Digital Rights Management, you have heard the term used in many a negative sentence over the years but can it be done well? Steam sets an excellent example on how to achieve near perfect DRM but how can this model be extended to all publishers? Valve has kindly updated their Steamworks 2009 Brochure with a bit of insight into how Steamworks can handle this process for any potential Steam game provider.
Valve Corps Steamworks' anti-piracy suite combines three approaches to anti-piracy: (1) Custom Executable Generation, (2) Retail Encryption, and (3) Valuable Platform-Dependant Features.
1. Custom Executable Generation
Custom Executable Generation creates a unique build of your game for each user, making it difficult for any one user to share the game with any other user. Each individual copy of a CEG-protected game is only playable by the Steam account authorized to access it. CEG is transparent, and does not impose limits on users. It lets users access their content from any hardware, and allows unlimited hardware configuration changes without the content becoming unplayable. In fact, no changes are made to a user's computer for CEG to work. Instead, CEG works in tandem with Steam authentication, enabling content access based on user accounts, not arbitrary hardware-based "rights-management" restrictions.
2. Retail Encryption
Protect your day-one release by shipping encrypted media to stores world-wide. No need to worry that your game will leak from a replicator or stock room, Your game stays encrypted until the moment you decide to release it.

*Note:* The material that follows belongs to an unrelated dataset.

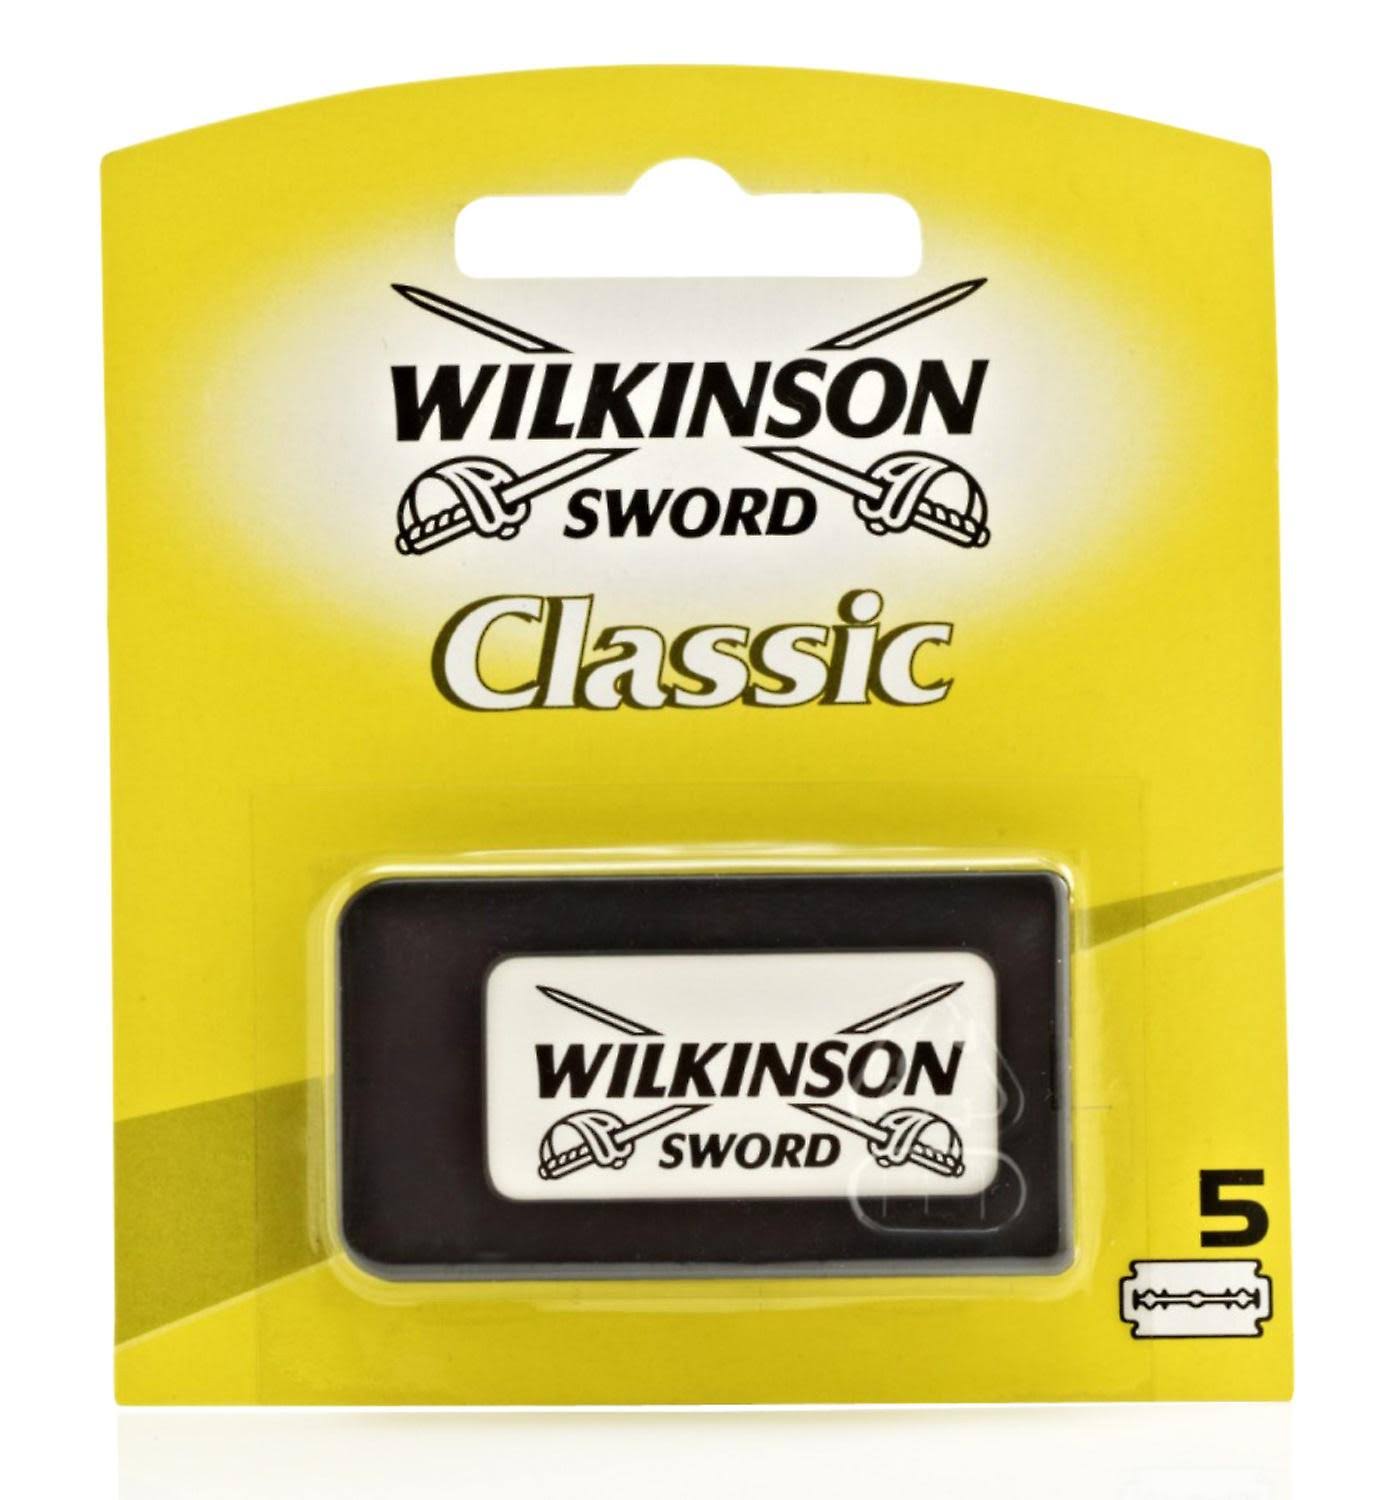 Wilkinson Sword Classic Double Edge Razor Blades - 5pk

Encryption technology also allows you to preload your game to users on Steam. Download encrypted data weeks in advance so that players have access to your game the moment it's released, increasing player numbers and satisfaction during the critical first days.
3. Valuable Platform-Dependant Features
Customers won't want to pirate a game that's connected to 20 million gamers and a feature-rich platform. Features like Steam Achievements, Anti-Cheat, Auto-Updating, and Steam Cloud simply don't exist outside of Steam.